NAS and SAN in Virtualized Environments

NAS and SAN in Virtualized Environments

January 25, 2018 0

Traditional enterprise storage was originally designed for two different use cases:

  1.  Storing user files (Network Attached Storage or “NAS”)
  2.  Providing fast, reliable disk storage directly to applications (Storage Area Network or “SAN”)

Twenty years ago, before virtualization, NAS was used to hold user files, public folders, archives, etc. SAN was used for databases, ERP, and other applications that either needed larger storage or higher reliability than disks attached directly to a server (direct-attached storage or “DAS”).

These systems were in wide use when VMware and other virtualization solutions started appearing on the market. Initially, VMware was used to virtualize single servers and used DAS. The physical server was a single point of failure for the virtual machines (VMs), and because there was no portability of VMs between single servers, you had to follow the same rules of physical server sizing: size the server for the biggest (peak) load. Most of the time this mean running underutilized servers, but there would be headroom for the peak load when needed. Think of retail, for example: a server needs to be sized for the holiday peak, even if in July the server is woefully underutilized. In the first wave of virtualization, that did not change.

The insight that made VMware an enterprise powerhouse was that if a running VM could be moved from one server to another within a resource pool, server resources could be optimized and utilization maximized. Networks were 100Mbps and sometimes 1Gbps, which is enough to live-migrate a VM’s CPU and memory. What was needed was a shared storage infrastructure that multiple servers could access simultaneously.

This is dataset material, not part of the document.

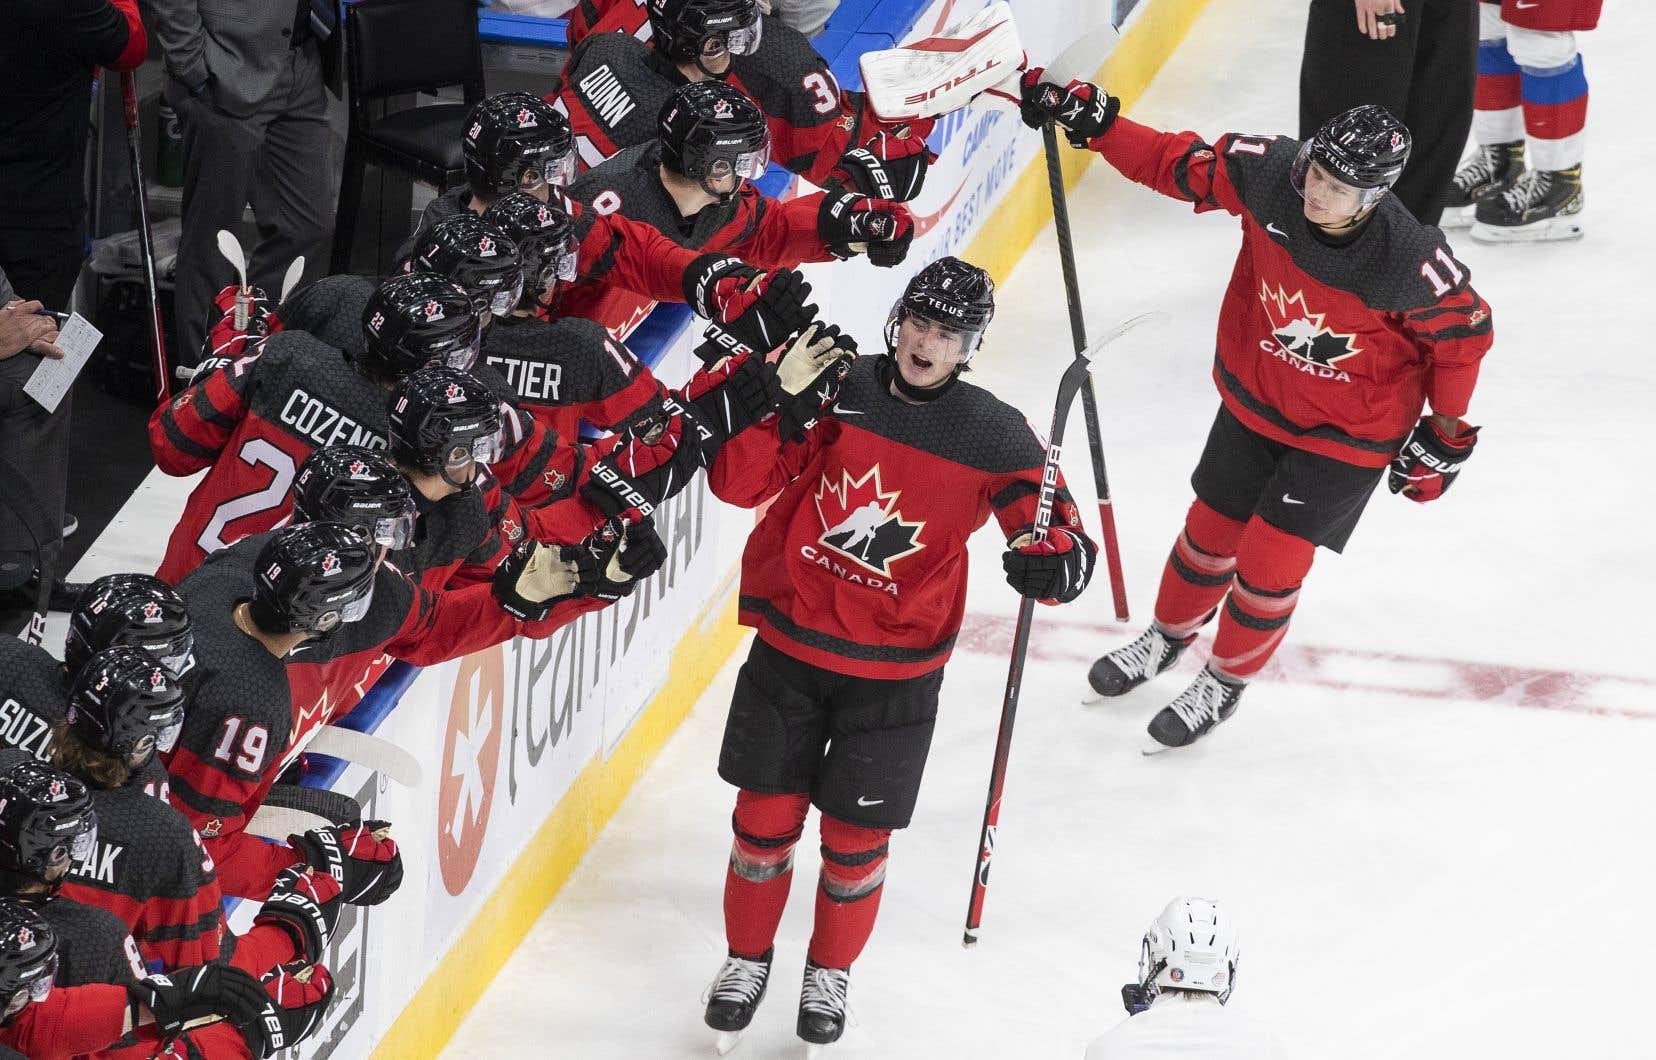 Le Canada, champion en titre du tournoi, entamera son parcours samedi contre l'Allemagne.
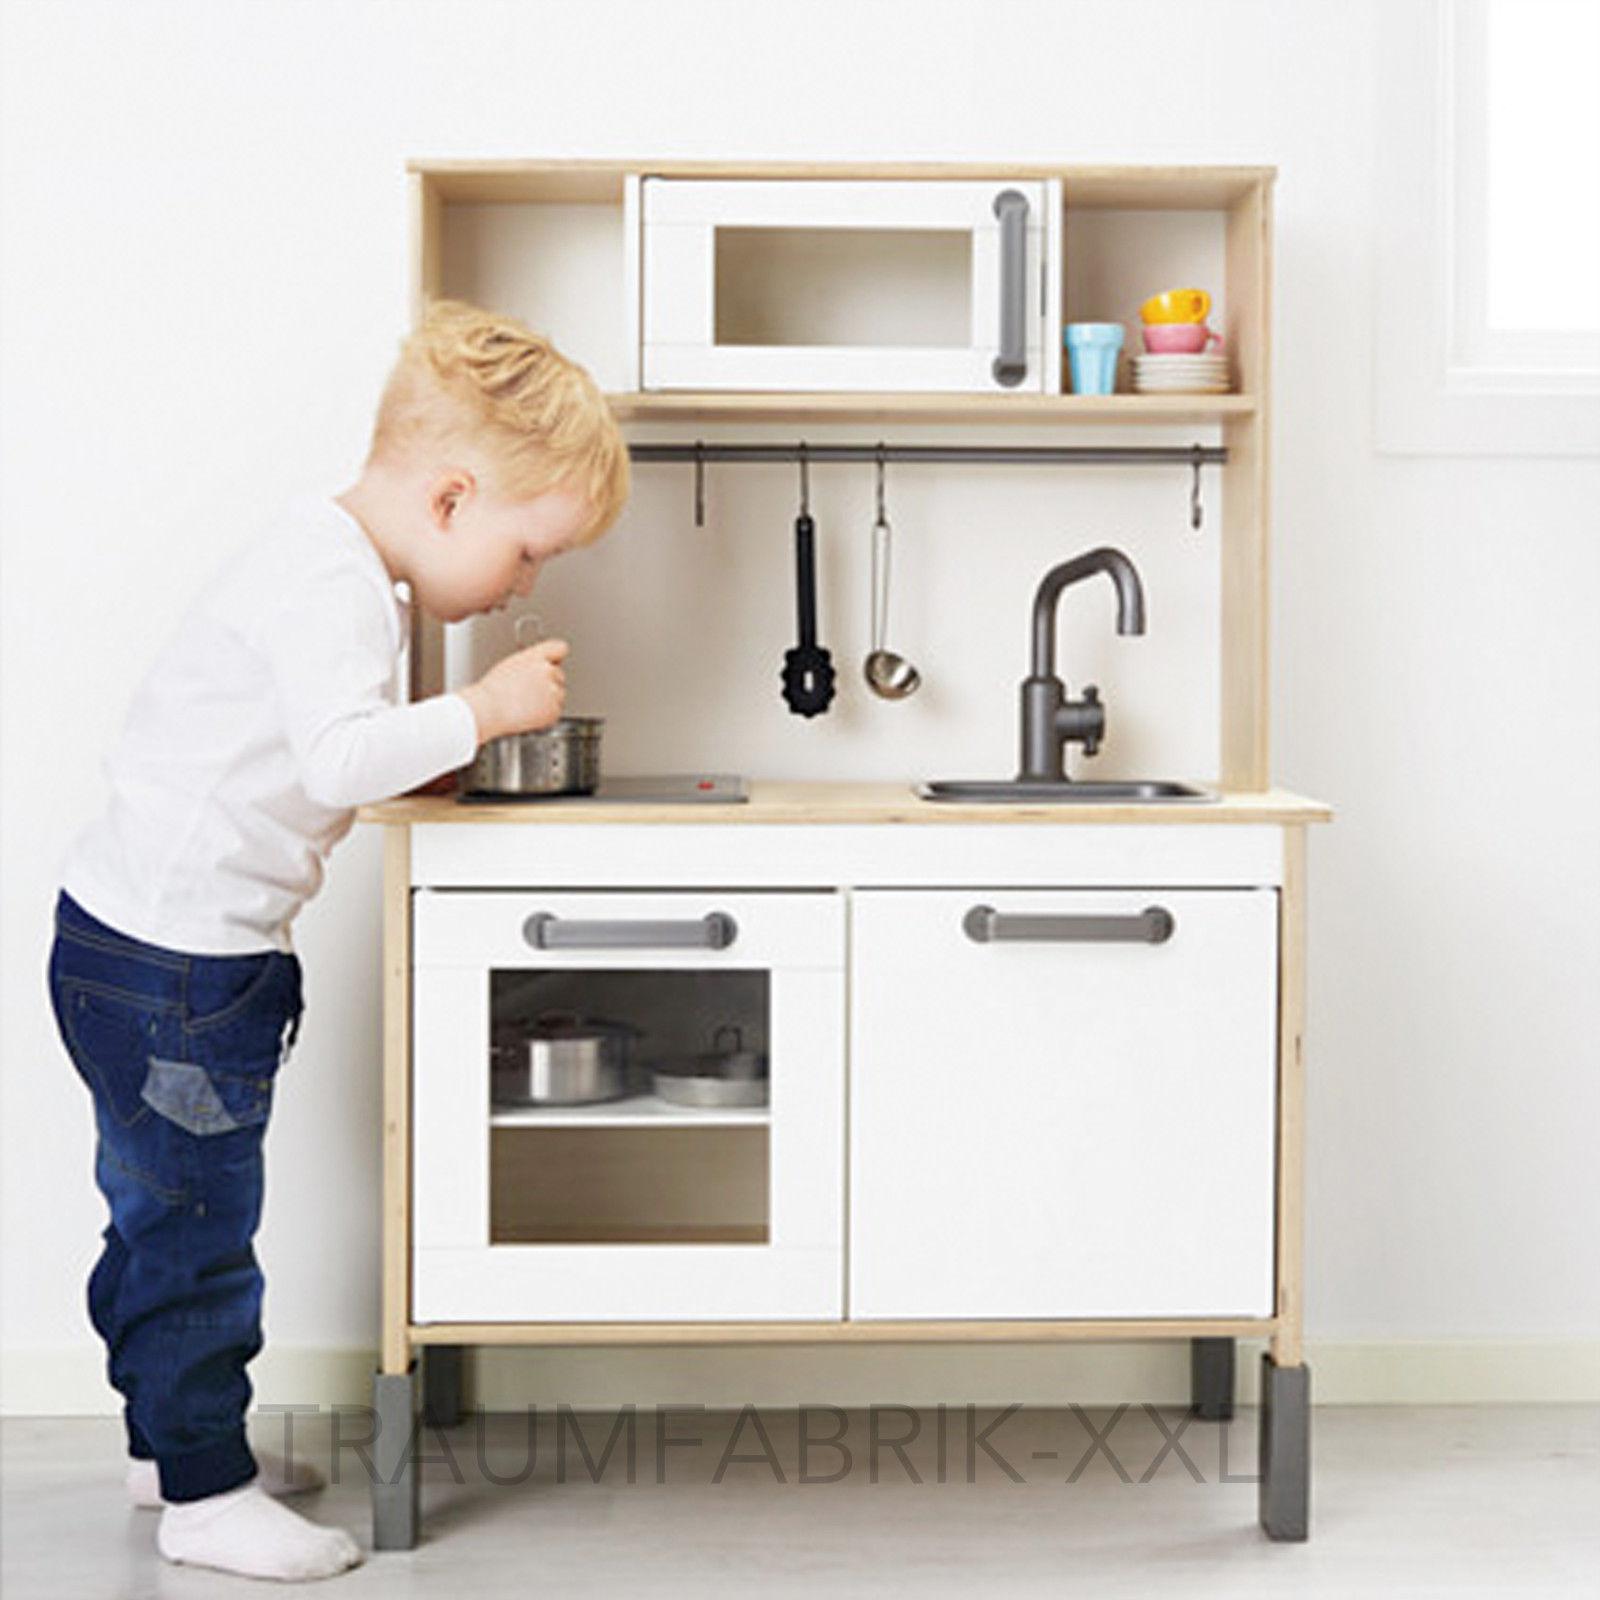 IKEA DUKTIG Holz Spiel Küche Kinder Baby Wohnen Ober+Unterteil OVP * BPA  Frei *

VMware decided to support NAS and SAN: NAS with NFS, and SAN using iSCSI or Fibre Channel (FC) with their own proprietary file system, VMFS, placed on top.

The advantage was that most enterprises already had SAN, NAS or both, so they could immediately start using VMware on their existing storage. SAN and NAS were already reliable, had certified staff, and were well understood.

So VMware took off, and so did the use of NAS and SAN storage with virtualization. As virtualization was still at small scale, this worked well. But as virtualization began to reach higher and higher percentages of the overall storage workloads, problems became evident. In fact, VMware has reported that up to 40% of their trouble tickets are storage related.

Here are the problems:

NFS and NAS:

  • Designed for thousands of users and millions or billions of files (virtualization use cases are more like hundreds of servers and thousands of VM files). It’s a different scale
  • File server use-case is usually lock file, read into local memory, save back to the file server. VM use case is use the file as if it were a disk, reading and writing across the file.
  • File servers files are many and small, and can be nested deep in folder trees (10MB is a very large file for file servers). The virtualization use case is the opposite: a relatively small number of very big files (10GB is a small VM), and a relatively shallow directory.
  • File servers use a lot of metadata calls (e.g., lock, read attributes, set attributes, commit, lookup), to keep multiple users from accessing files, and maintain security with many users with different levels of access. The VM use case is almost all read/write.
  • File servers typically read 100% when the file’s opened and write 100% when the file’s closed. VMs read/write constantly across the VM.

Most NAS is optimized for file server use case, so their design is not optimized for VMs, which can result in poor performance, overhead from unnecessary metadata calls, etc.

NAS, however, is file-centric, which maps well to the structure of VM objects (vDisks, config, metadata, memory, etc.)

SAN challenges include:

  • Designed for 1 application to 1 LUN. The VM use case puts many VMs in a single LUN.
  • Designed for transporting blocks quickly to disk, assuming all blocks are for the same application in a FIFO manner. In a VM environment, the SAN loses visibility into which blocks are with which VM, which can result in collisions and contention.
  • Storage services at a LUN level (snap, replication, clone, etc.) make sense with a “one app: one LUN” paradigm.

SAN benefits include: raw speed, designed for random read/write across the LUN, which is similar to how vDisks are accessed.